Risk aversion may stimulate activity that in well-functioning markets smooths out risk and communicates information about risk, as in markets for insurance, commodity futures contracts, and financial instruments. Financial economics or simply finance describes the allocation of financial resources. It also analyzes the pricing of financial instruments, the financial structure of companies, the efficiency and fragility of financial markets, financial crises, and related government policy or regulation.

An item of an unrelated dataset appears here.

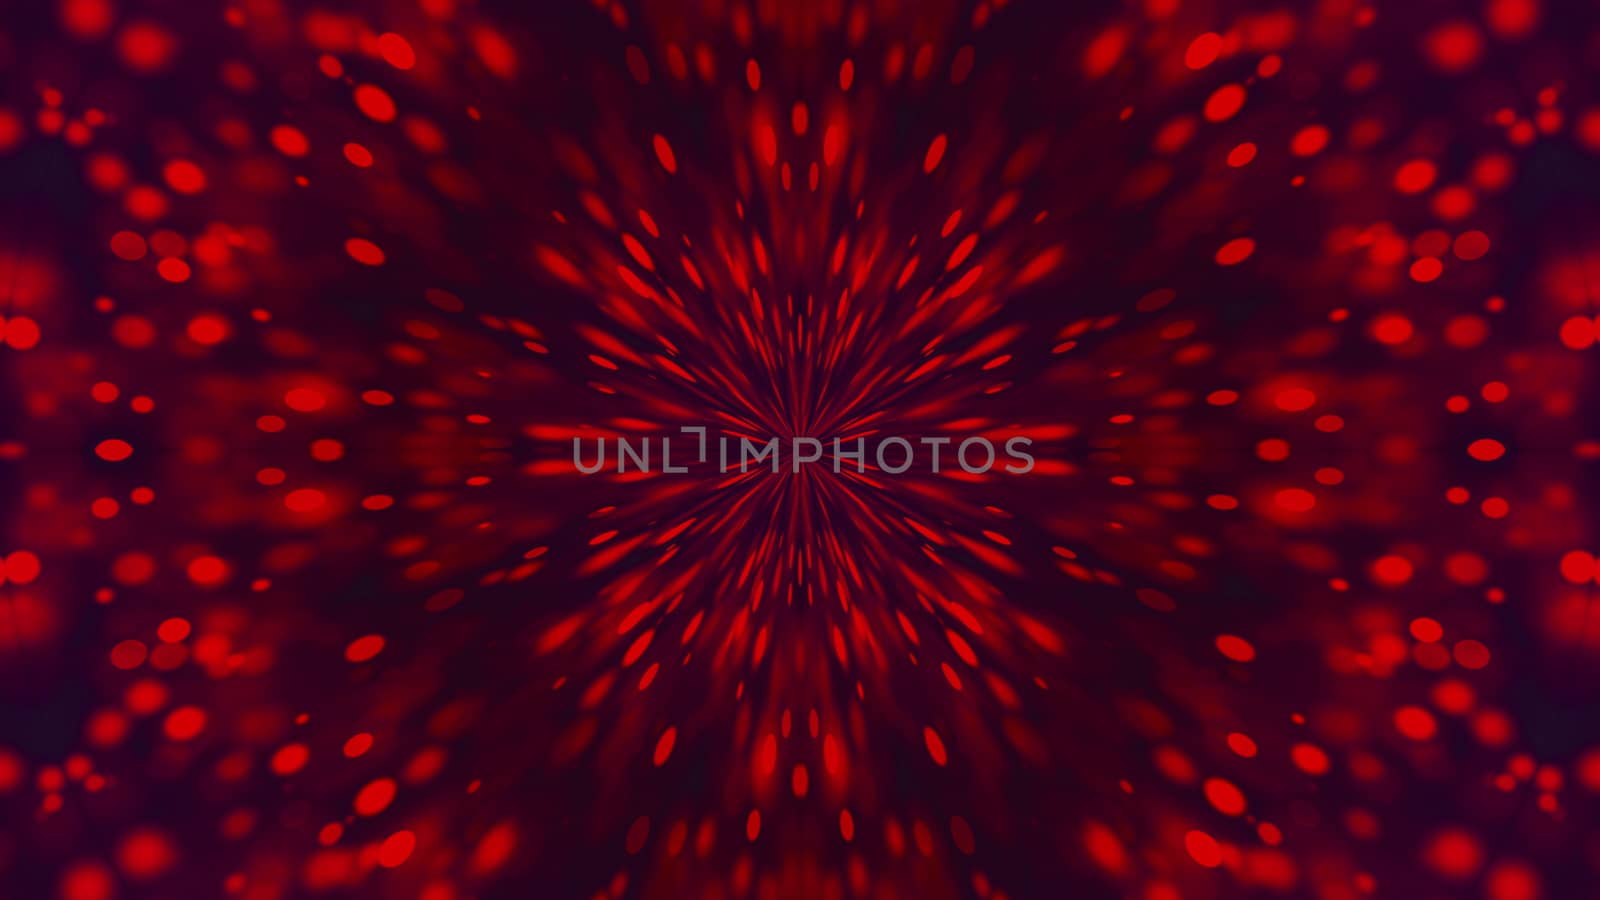 Computer generated a kaleidoscope of red particles flying from the center on a dark background, 3d rendering

Some market organizations may give rise to inefficiencies associated with uncertainty. Based on George Akerlof's "Market for Lemons" article, the paradigm example is of a dodgy second-hand car market. Customers without knowledge of whether a car is a "lemon" depress its price below what a quality second-hand car would be. Information asymmetry arises here, if the seller has more relevant information than the buyer but no incentive to disclose it. Related problems in insurance are adverse selection, such that those at most risk are most likely to insure (say reckless drivers), and moral hazard, such that insurance results in riskier behavior (say more reckless driving). Both problems may raise insurance costs and reduce efficiency in driving otherwise willing transactors from the market ("incomplete markets"). Moreover, attempting to reduce one problem, say adverse selection by mandating insurance, may add to another, say moral hazard. Information economics, which studies such problems, has relevance in subjects such as insurance, contract law, mechanism design, monetary economics, and health care. Applied subjects include market and legal remedies to spread or reduce risk, such as warranties, government-mandated partial insurance, restructuring or bankruptcy law, inspection, and regulation for quality and information disclosure.